Plasma has three distinct modes: dark mode (current is flowing but it doesn't glow), glow mode (current is sufficient enough to cause it to light up), and arc mode (current is so high that the plasma becomes an extremely fantastic conductor of electricity). In arc mode, things get super weird and unpredictable. That's lightning. How unpredictable is it? Plasma plays by a different set of rules that are nothing like a gas, a liquid, or a solid. So, it is definitely wrong to refer to it as simply "an ionized gas." It's no longer gas. You wouldn't refer to ice as "hard water" would you? No.

Another weird characteristic of plasma is called the pinch affect. This occurs because the current flow through the plasma creates magnetic fields that squeeze the filament of current inward. Because the magnetic field circles around the current, the plasma's own magnetism exerts an inward force, compressing the charged particles toward the center of the filament. This self-constriction increases the plasma's density and temperature, sometimes forming bright, narrow strands of arcs. In the lab and in cosmic plasmas alike, this process (sometimes called the Z-pinch) helps explain the thin, rope-like structures seen in lightning bolts, solar flares, and interstellar filaments. This pinch can become so intense, it crushes even metal together! Some lightning rods, after being hit, show this crushed characteristic. And if there happens to be more than one current filament to form in the plasma, those filaments attract one another and draw inward and can start rotate around each other. We can even see this filament twisting in space, in plasmas like the "Veil Nebula."

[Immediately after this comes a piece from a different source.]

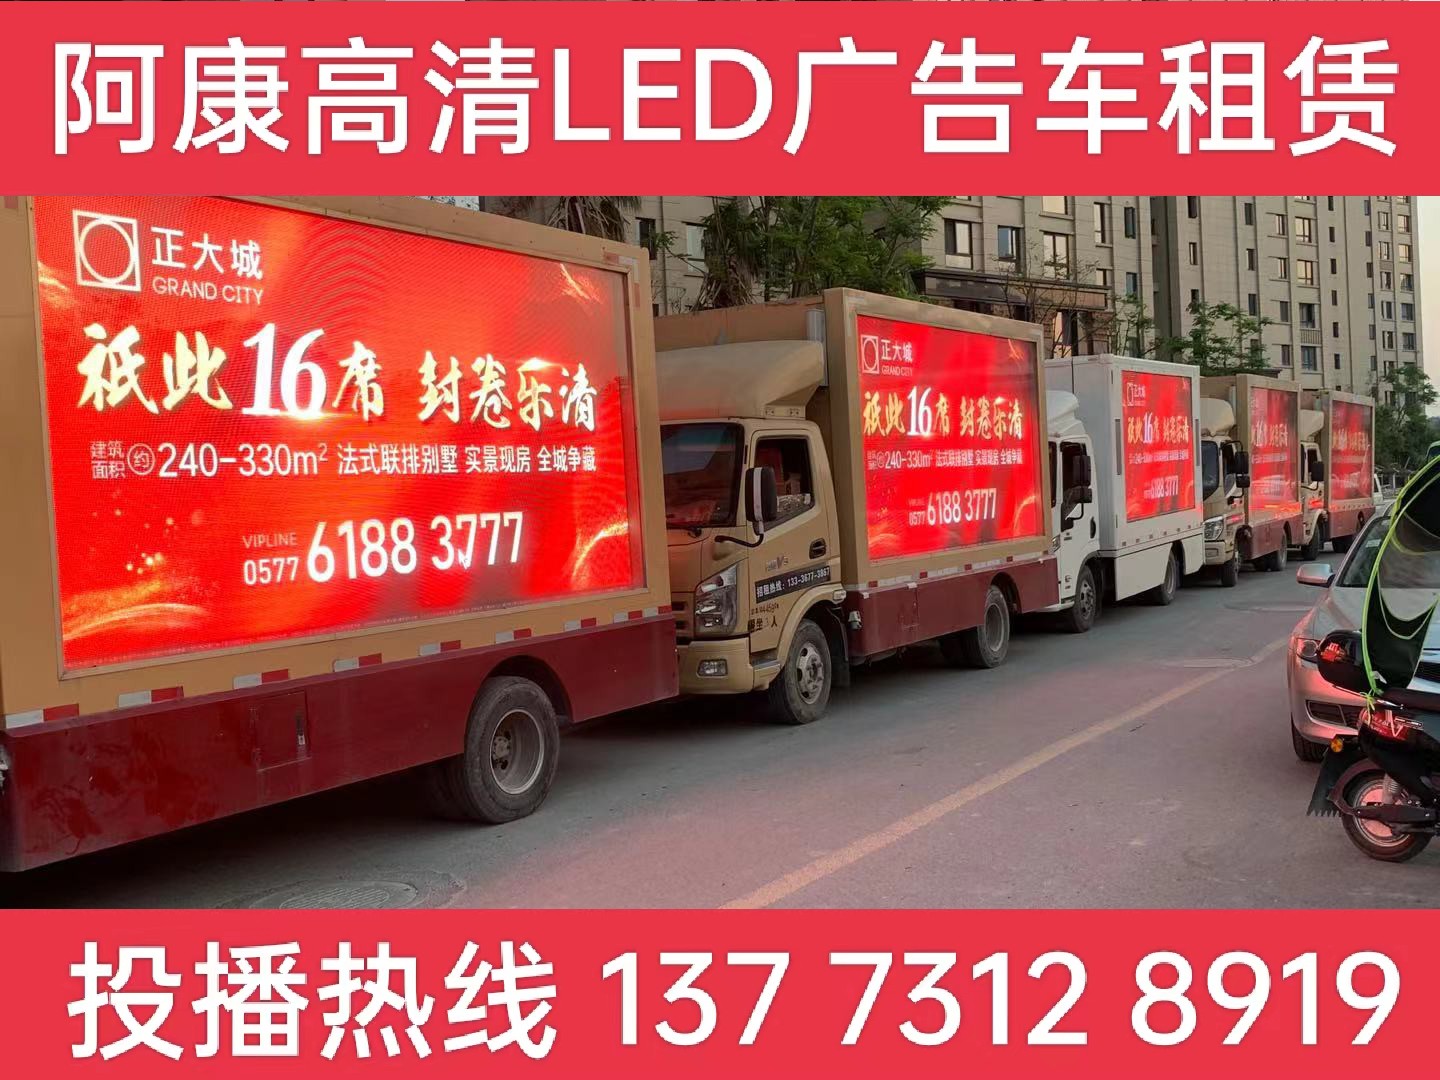 兴化LED广告车出租

In this nebula, those plasma filaments twirl around each other and stretch about 110 light-years! And believe it or not, though it is extremely faint, this famous nebula stretches about 3° across the sky. That's about 6x the size of the Moon in the sky!

Plasma & Electromagnetism

Maybe you remember in your physics class, that when electrical current flows through a conductor (e.g. a wire), it produces this magnetic field. And perhaps your class made small electromagnets as an experiment. And the opposite is also true. When a conductor is passed through a magnetic field, it produces a current flow in that conductor.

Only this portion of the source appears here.